333回目 異世界勇者の解呪魔法(ディスペルマジック) 137:バトルフィールド(6)

「おい伯父貴、あれ見てみろよ」

「ブロードヘインの人間兵か」

「妙な馬車だな、ひーふーみー」

「ウォーワゴン、移動式の小型要塞みたいなものだ」

「ざっと30台か、其々に戦闘員3、御者を含めても120人。こちらの手勢は250、どうする?」

「不意打ちをかければ殲滅できる、仕掛けよう。俺の部隊が先行する、攻撃を仕掛けると同時にお前達は連中の背後から攻めろ」

「了解!おいベイル、ボーッとしてんじゃねえよ。伝令だ」

「痛ってぇなぁ、蹴らなくてもわかってるよぉ。ったく従兄弟使いが荒いんだから」


 ハイエナ兵達は100名が先行する形で二手に分かれ、人間兵の軍勢を追いかけ奇襲を仕掛けた。

 人間兵を足止めしている間に、背後から挟み撃ちで150名のハイエナ兵が襲いかかる。

 しかしその時馬車の下から虎獣人達が現れ、戦況が膠着した隙に、200のディアナ公国兵が横から戦闘に介入。ハイエナ兵達は大量の死傷者を出し、森へと逃れる羽目になってしまう。


 敵に追われ森の奥へと踏み込んでいくと、突然一斉に森が枯れ始め、森の外側から火を放たれ、火に取り囲まれた彼らはそれから逃れる為に森をひた走る。

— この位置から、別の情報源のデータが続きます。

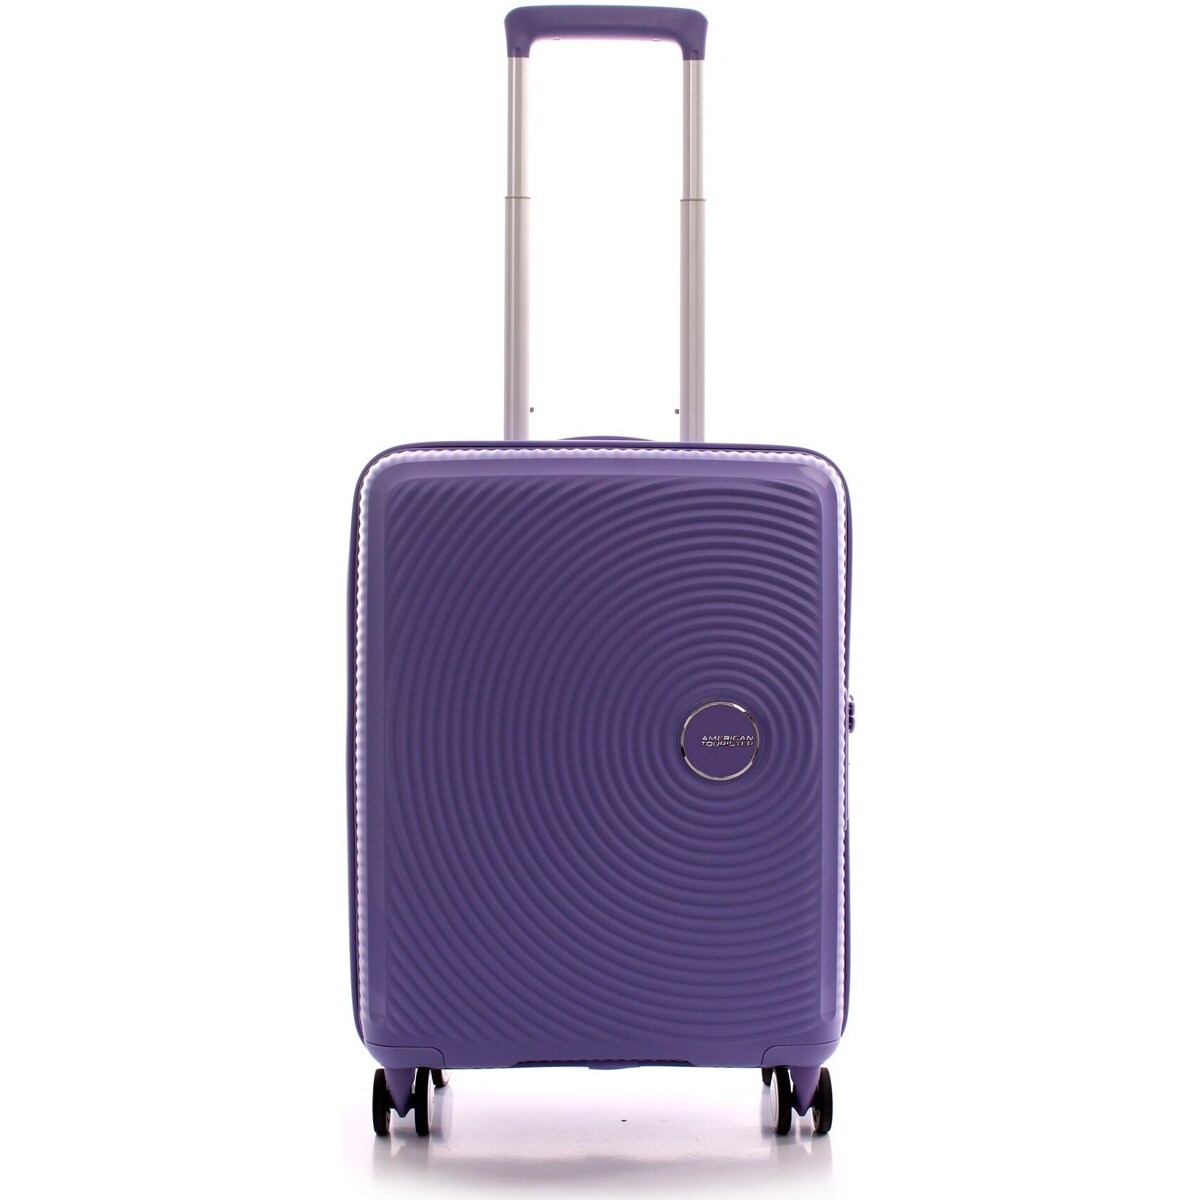 Taschen Handtasche American Tourister 32G082001 Violett

 ようやく森を抜けた先に草原が広がっていた。敵の追撃の気配もなく、安堵したハイエナ兵達が草原に踏み込んでいく中、ハイエナ兵を率いる隊長が草原の中の朽ちた木に生えた苔に気づき、撤退を命令する。

 しかし時すでに遅く、草原も一斉に朽ち果て沼地へと変わり、ハイエナ兵達は足を取られてその場に拘束されてしまう。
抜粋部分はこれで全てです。